Humans still pick the final copy for key campaigns. In the old flow, an approval in Slack did not bind to the exact payload that got sent. We fixed that by generating an approval token that encodes the contact ID, campaign ID, and a hash of the draft. The token expires quickly and is consumed by the sending agent.

If you run your approvals in Slack, our platform supports Slack approval workflows. That post covers the UI pattern and the five minute setup. We followed best practices for agent approvals in Slack so reviewers saw the diff and the expiry time.

Observability baked in

We shipped with traces, logs, and counters. The minimum we needed was a trace per contact, an event timeline, and counters for retries by cause code. We also wired a replay button that reads the last valid fact from the warehouse and requeues the command with the same idempotency key.

  • Traces show a waterfall for Ingest, CRM, Messaging, and Warehouse agents.
  • Counters group transient vs permanent failures so on call knows whether to wait or act.
  • Timelines help Sales see when a contact was enriched, emailed, and converted.

If you are starting from scratch and want a safe path, the answers to common questions on pricing, setup, and data handling can save a lot of time.

Step 1Model events and contracts

We wrote the event and command schemas first, then generated validators and TypeScript types. That gave us compile time confidence and runtime clarity. It also made it trivial to do a shadow run that compared the old outputs with the new ones.

Long tail query we validated with this step: how to migrate Zapier to OpenClaw without breaking existing attribution.

Step 2Make every effect idempotent

We started with email sends and CRM writes, then moved to comment inserts and warehouse loads. When we could not get a provider to behave, we put the key in a cache and treated the provider as a pure function from the perspective of our agents.

Long tail we tested here: idempotent email send pipeline with agents using a deterministic key.

Step 3Add retries with jitter and a breaker

We had one partner API that timed out randomly. The breaker kept pressure off the endpoint while probes kept checking if it had recovered. The jitter kept us from stampeding a cold cache. External references at the end of this post outline both patterns in more depth.

Step 4Bind human approvals to payloads

We replaced loose Slack approvals with signed tokens. The token tied the exact draft to an identity and an expiry. The send step refused to proceed without a valid token. Reviewers loved that they could see the diff and that nothing could ship unless they approved the exact copy.

Step 5Ship with instrumentation and a kill switch

We deployed with a per account feature flag and a kill switch that halted new sends while letting in flight work drain. We also shipped dashboards before enabling the new path. If you want a quick overview of platform capabilities and fit, the overview of what ButterGrow does is a good primer.

Results and tradeoffs

The new pipeline did what we needed. It also came with costs we accepted.

  • Reliability improved to 99.6 percent success with faster tail times.
  • The queue footprint grew by 20 percent because we store more facts.
  • On call got simpler because dashboards answered the first three questions.
  • Engineers now spend more time on contracts and less time on glue code.

We also found limits.

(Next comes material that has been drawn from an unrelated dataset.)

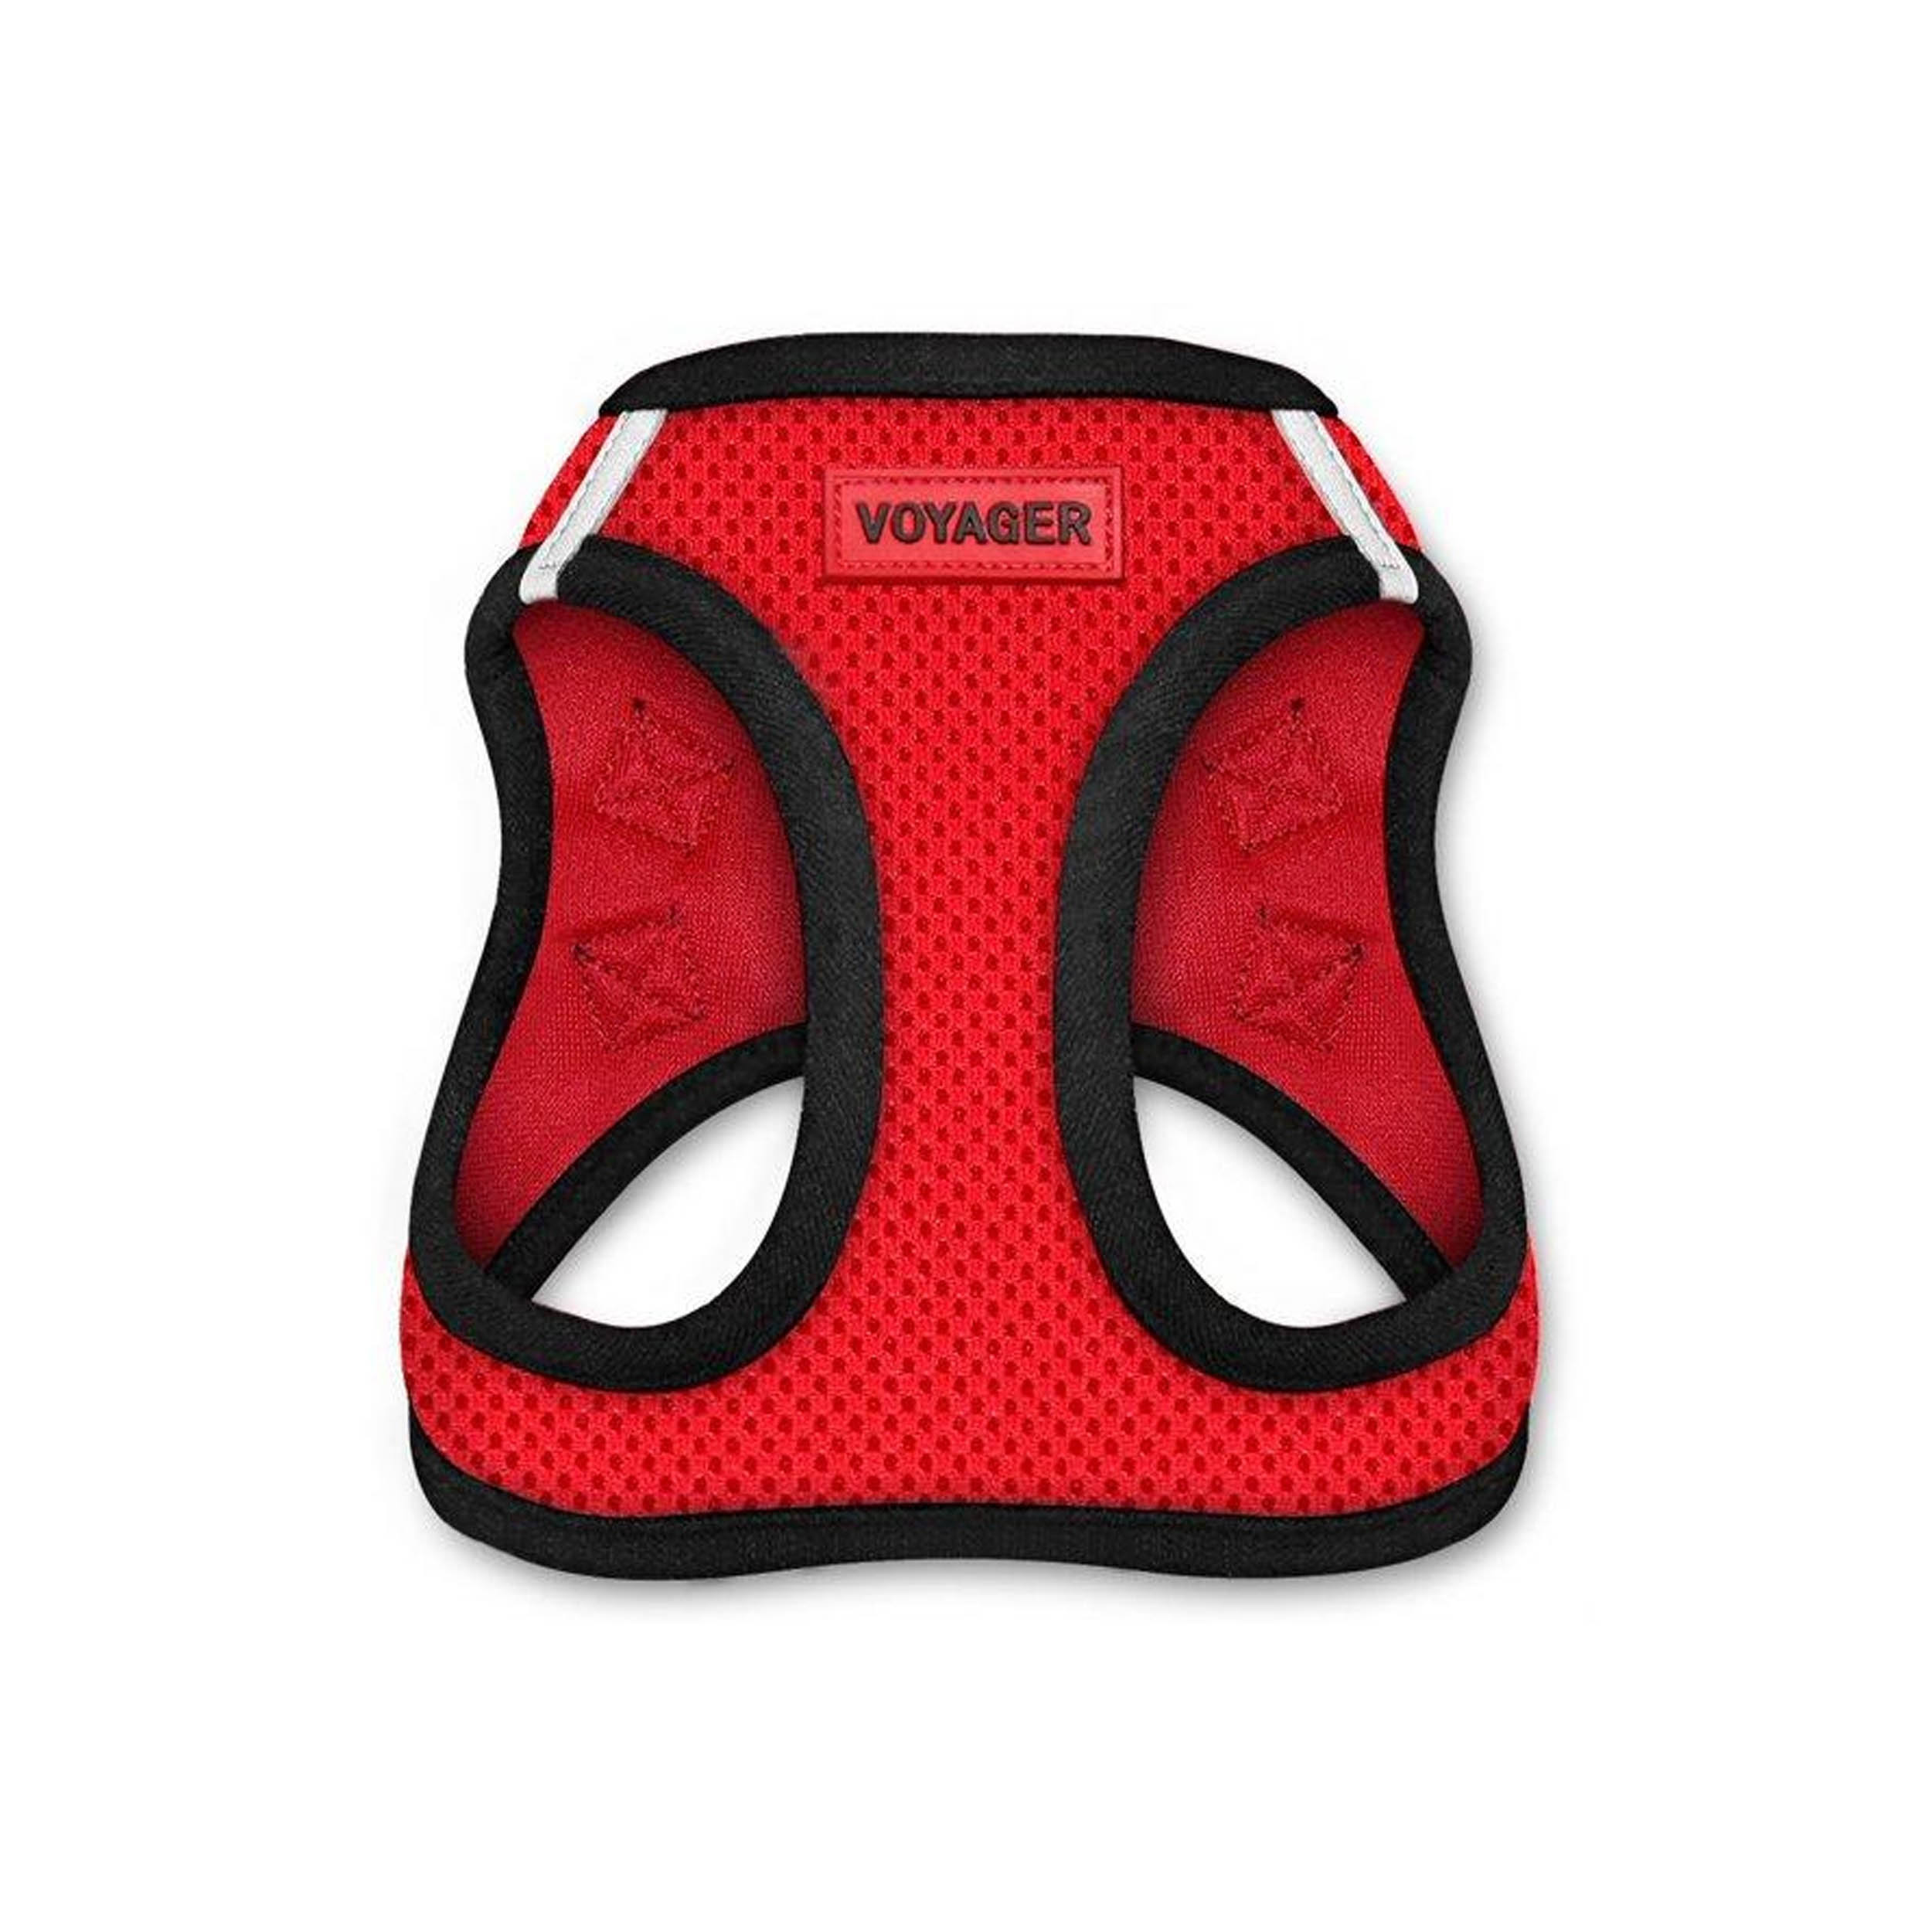 Voyager All Weather No Pull Step-in Mesh Pet Harness - Red

Some providers will never implement proper idempotency and you will have to simulate it. Some approval flows want complex branching that belongs in a separate review service. It is better to keep agents small and let them call a dedicated reviewer than to bake a full reviewer into the agent.

What we would do next

  • Add rate limit aware scheduling for the few APIs that meter by minute. That would prevent head of line blocking when a small account shares a pool with a large one.
  • Build a replay that can compare side by side outputs for a contact and highlight differences automatically.
  • Move human approvals into a shared service with better reporting and retention.

If this approach matches your needs, you can try the hosted OpenClaw assistant that powers ButterGrow. The setup takes minutes and comes with sensible defaults for queues, retries, and approvals. When you are ready, head to the onboarding flow and ship your first agent run today.

References

Frequently Asked Questions

How did you enforce idempotency across email sends and CRM writes?+

We assigned a deterministic key to each event, such as `campaignId:contactId:step`. Every handler performed a read before write against a Redis set and short circuited if the key already existed. For third party APIs that support it, we also sent the key as an `Idempotency-Key` header so the provider deduplicated on their side.

What metrics proved the new pipeline was more reliable?+

We tracked end to end success rate, median time to deliver, P95 time to deliver, duplicate send rate, and replay rate. Success rose from 92.4 percent to 99.6 percent, P95 fell from 11.8 minutes to 3.1 minutes, and duplicate sends dropped to under 0.1 percent.

How did human in the loop approvals fit the agent design?+

Drafts were produced by a writer agent and parked in a review queue. A Slack action opened an approval card with the diff and safety checks, which triggered a short lived token that allowed a publishing agent to proceed only if the reviewer clicked Approve within 30 minutes.

Which failure patterns did you guard against first?+

We implemented exponential backoff with jitter for transient errors, circuit breakers for flaky downstreams, and dead letter queues for unprocessable events. Each pattern was chosen to isolate blast radius and to make retries observable.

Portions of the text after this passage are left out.